Haftar forces repel attack but oil depot closes
Clashes between the Libyan National Army and rival groups on Thursday closed Libya’s largest oil depot and a neighbouring refinery.
At dawn, the extremist-leaning Benghazi Defence Brigades attacked Sidra oil port and Ras Lanuf terminal in the central coastal region, although they were later beaten back by the National Army, led by Field Marshal Khalifa Haftar.
The Brigades were backed by the militia leader Ibrahim Jadhran, whose fighters include remnants of his Petroleum Facilities Guards and mercenaries from sub-Saharan Africa.
Mr Jadhran gained notoriety between 2013 and 2016 when his forces blockaded Sidra, which oil officials said cost Libya US$100 billion (Dh3.67bn) in lost revenue.
At least two storage tanks in Ras Lanuf were hit by shelling in the attempt to seize the terminals from Field Marshal Haftar’s forces. In a video on social media, Mr Jadhran boasted of widespread tribal and mercenary support and threatened further assaults.
Peter Millett, a former British ambassador to Libya, said: “Jadhran’s offensive in the oil crescent serves no one except his own selfish greed. Bad for Libya. Without sustained oil production … rebuilding Libyan economy won’t be possible.”
In September 2016, Mr Jadhran, who had tried to sell oil to North Korea, was pushed out of Sidra and Ras Lanuf by the Libyan National Army. In March last year, the Brigades briefly recaptured the oil crescent region but air strikes and LNA offensives succeeded in ousting Mr Jadhran.

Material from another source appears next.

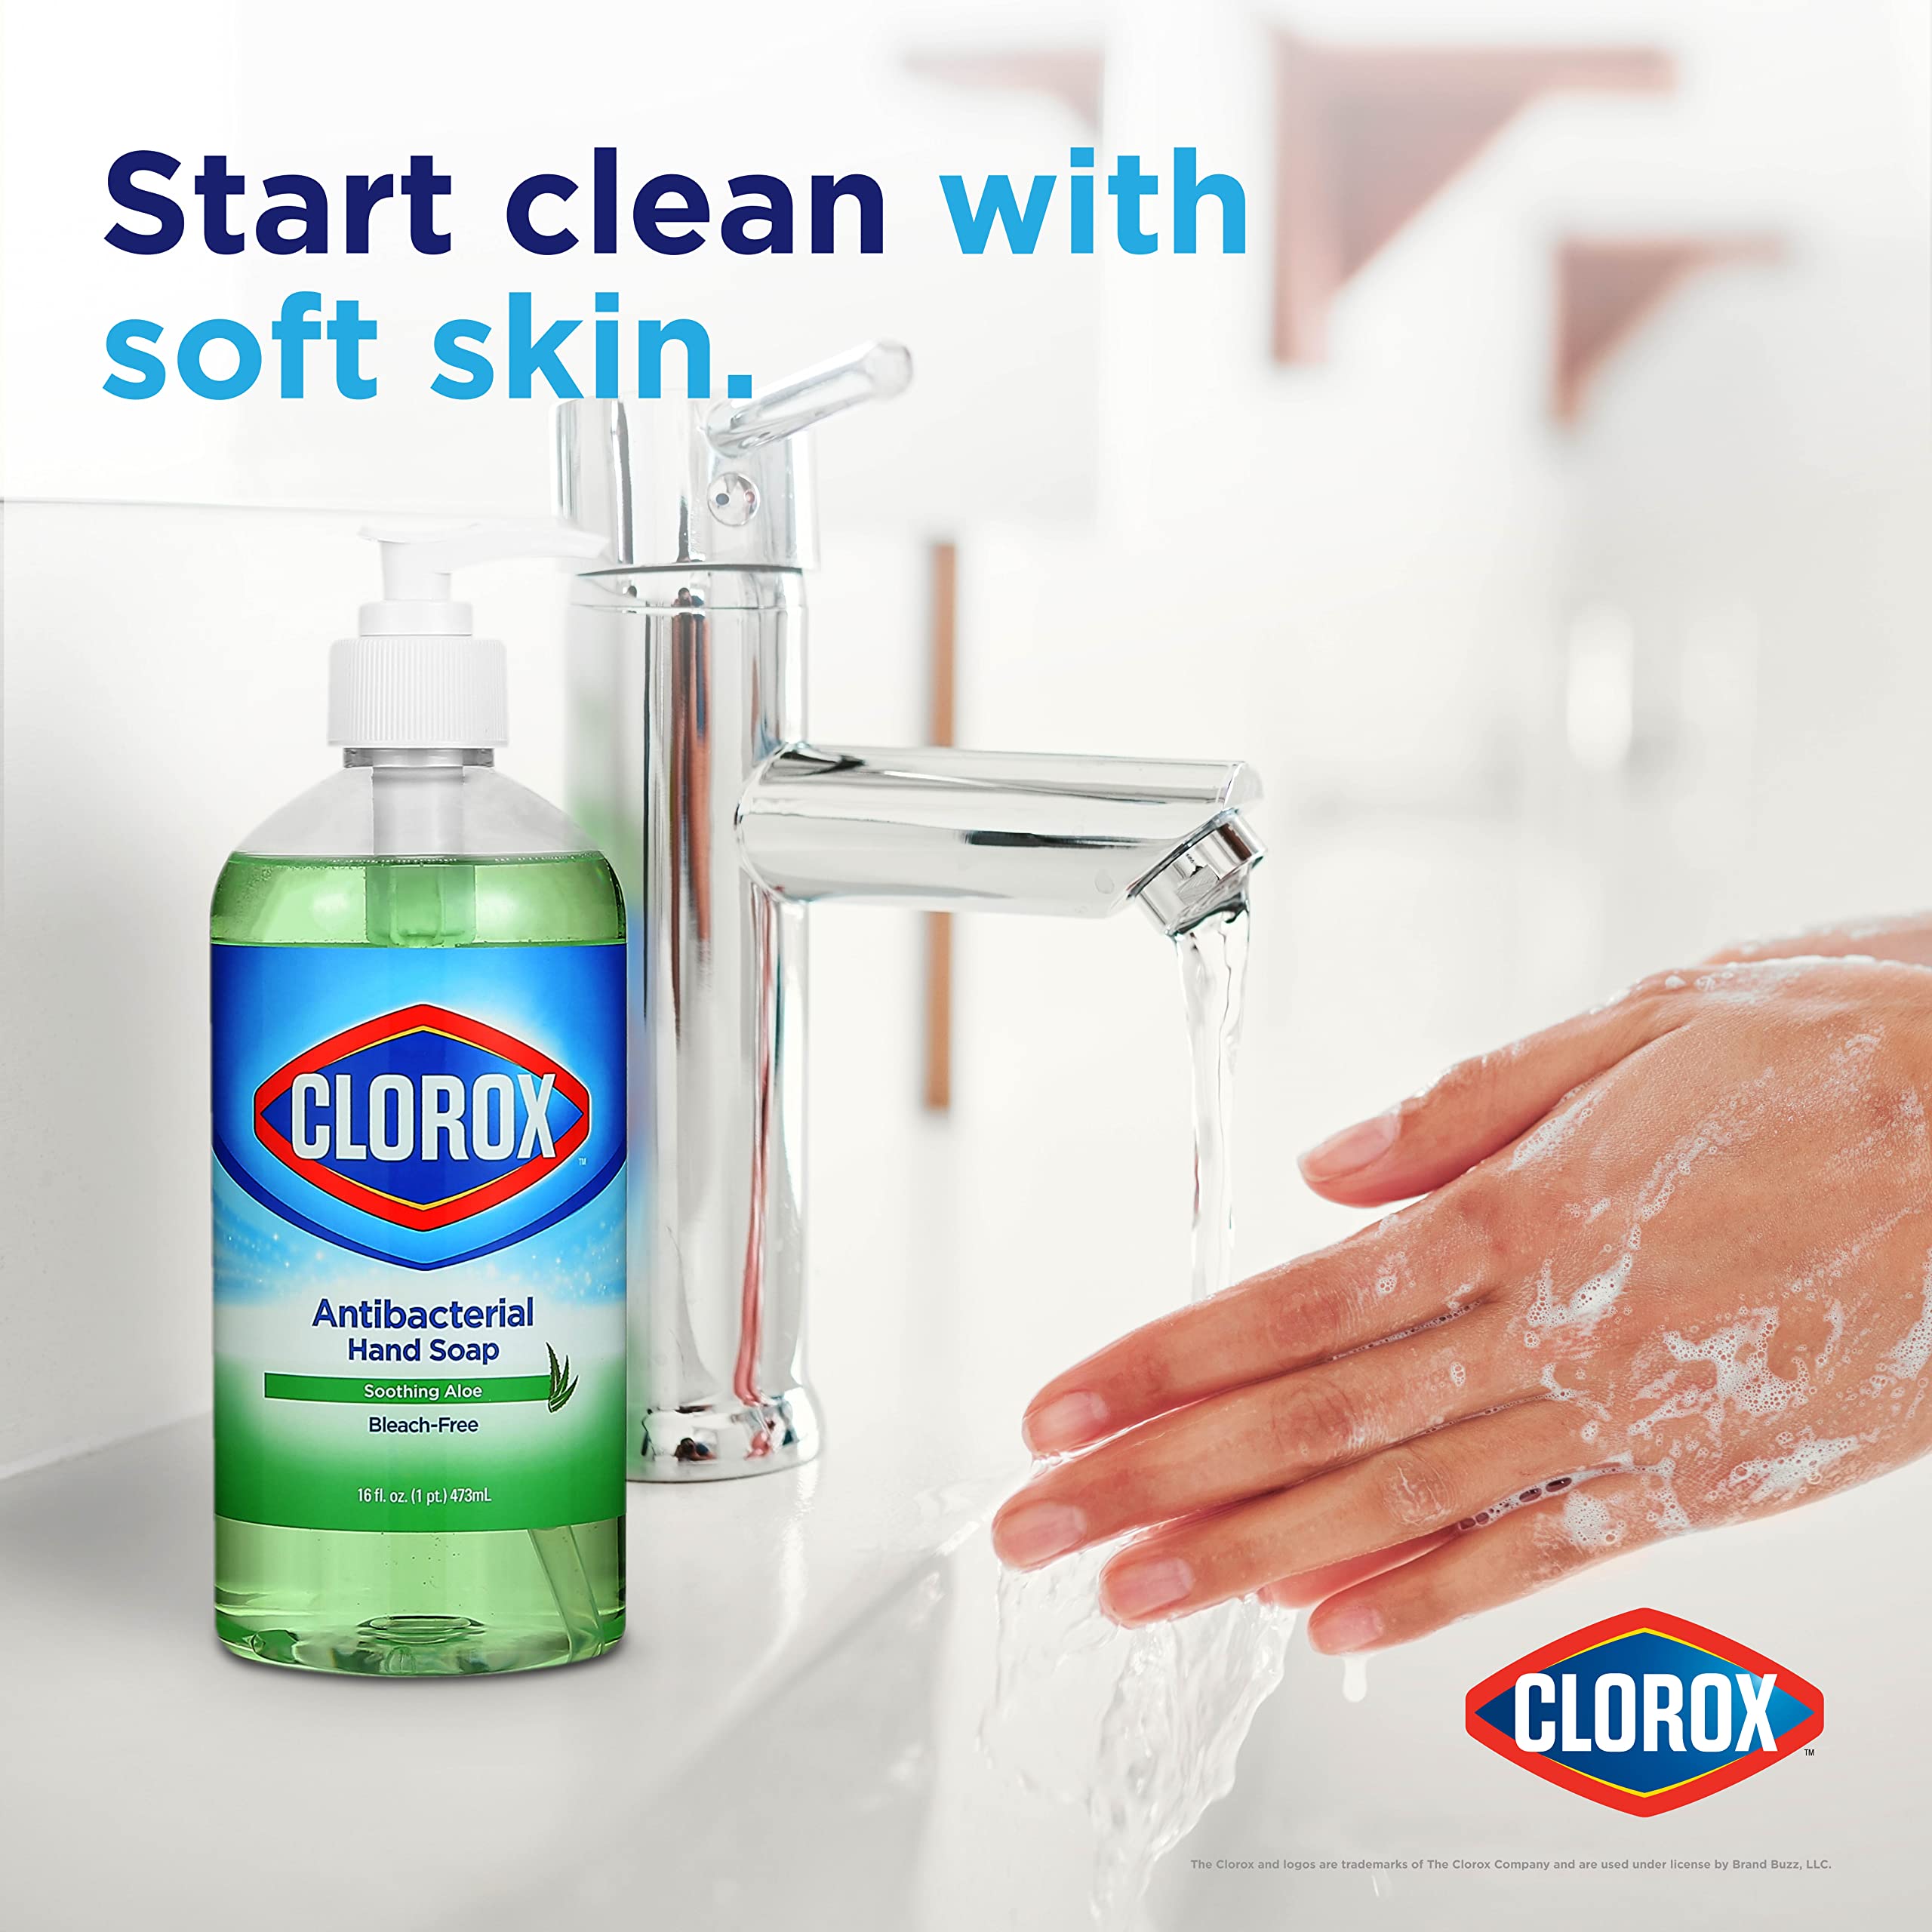 Clorox Liquid Hand Soap Pump - 16 oz Soothing Aloe Antibacterial Hand Soap - Liquid Hand Soap Eliminates Dirt, Soft on Hands Tough on Dirt - Clorox Hand Soap, Bathroom Hand Soap, Kitchen Soap

The attack came two days after the National Army carried out air strikes on militants 60 kilometres south of Sirte. Maj Gen Ahmed Mismari, the LNA spokesman, said the group included Brigades fighters and mercenaries.
Fighters have profited from the security vacuum in Libya’s central desert regions, setting up training camps and launching sporadic attacks. Intelligence and military officials told The National these included ISIS and Al Qaeda.
Oil production, Libya’s most vital asset, appeared to be recovering. Output has hovered at about a million barrels per day for a year.